Environmental Engineering Reference
In-Depth Information
2.20 Background Ozone in Regional-Scale Modelling
over North America
A. Chtcherbakov 1 , R. Bloxam 1 , N. Reid 2 , and Y. Hall 1
1
Ontario Ministry of the Environment, Toronto, Canada
2
Smeraldo Environmental, Toronto, Canada
Abstract This study estimates background ozone concentrations over Eastern
North America for the year 2005 based on analysis of CMAQ (the Community
Multiscale Air Quality model) simulations with all anthropogenic emissions set to
zero.
Influences of inflow boundary conditions, land use characteristics, meteorological
conditions, and dry deposition on the background ozone concentrations were
analyzed. The spatial distributions and temporal peculiarities of ozone background
concentrations were examined with statistical analysis applied and results presented.

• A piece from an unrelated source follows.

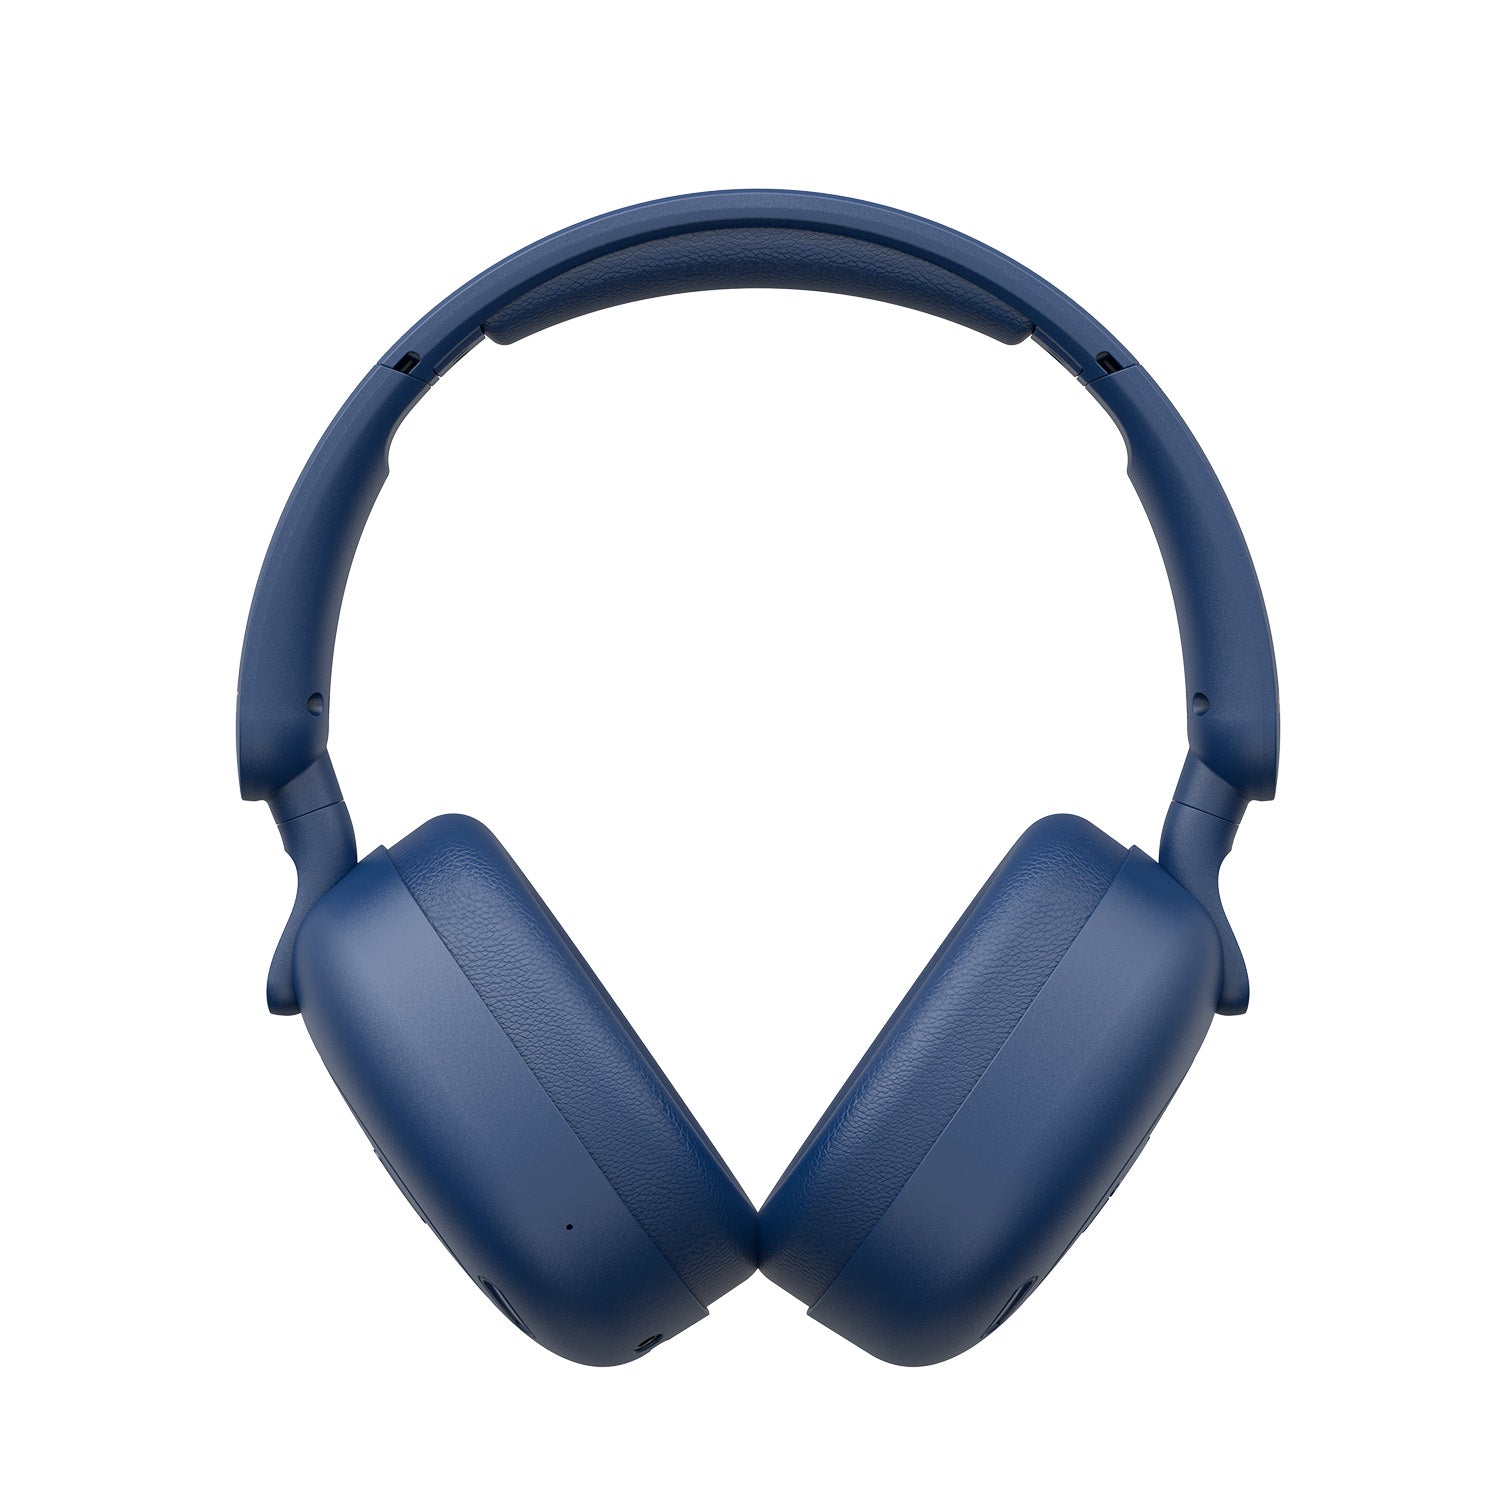 HAVIT H655BT PRO ANC Over-Ear Noise Cancelling Wireless Headset

Keywords Ozone, background concentrations, CMAQ simulations
Background ozone may form a significant part of the daily 8 h maximum ozone
concentrations. This can be extremely important, since the background concentration
is the level below which concentrations can not be reduced by local/regional efforts
alone.
It is essential how the background ozone concentration is defined. In this study
we consider background ozone as concentration of ozone advected into the modelling
domain as a result of anthropogenic and biogenic emissions anywhere outside the
domain (including stratospheric ozone intrusions) plus ozone generated from emis-
sions from natural, biogenic sources only, excluding anthropogenic sources inside
the domain.
To estimate the impacts of background ozone, CMAQ v4.6 (the Community
Multiscale Air Quality Model) was run for the May-September 2005 period with
all anthropogenic emissions set to zero over the domain which covers Eastern
North America (Fig. 1) Meteorological data to run CMAQ was obtained from
WRF v 2.2 (Weather Research and Forecast model) runs.
In this run the southern and western boundaries of the domain (usually inflow)
have ozone concentrations of 35 ppb near the surface increasing to 40, 45, 50, 60
and 70 ppb in five layers to the model top (100 mbars). The eastern and northern
boundaries (frequently outflow) have 30 ppb in the lowest layer. These values are
based on average observed ozone profiles.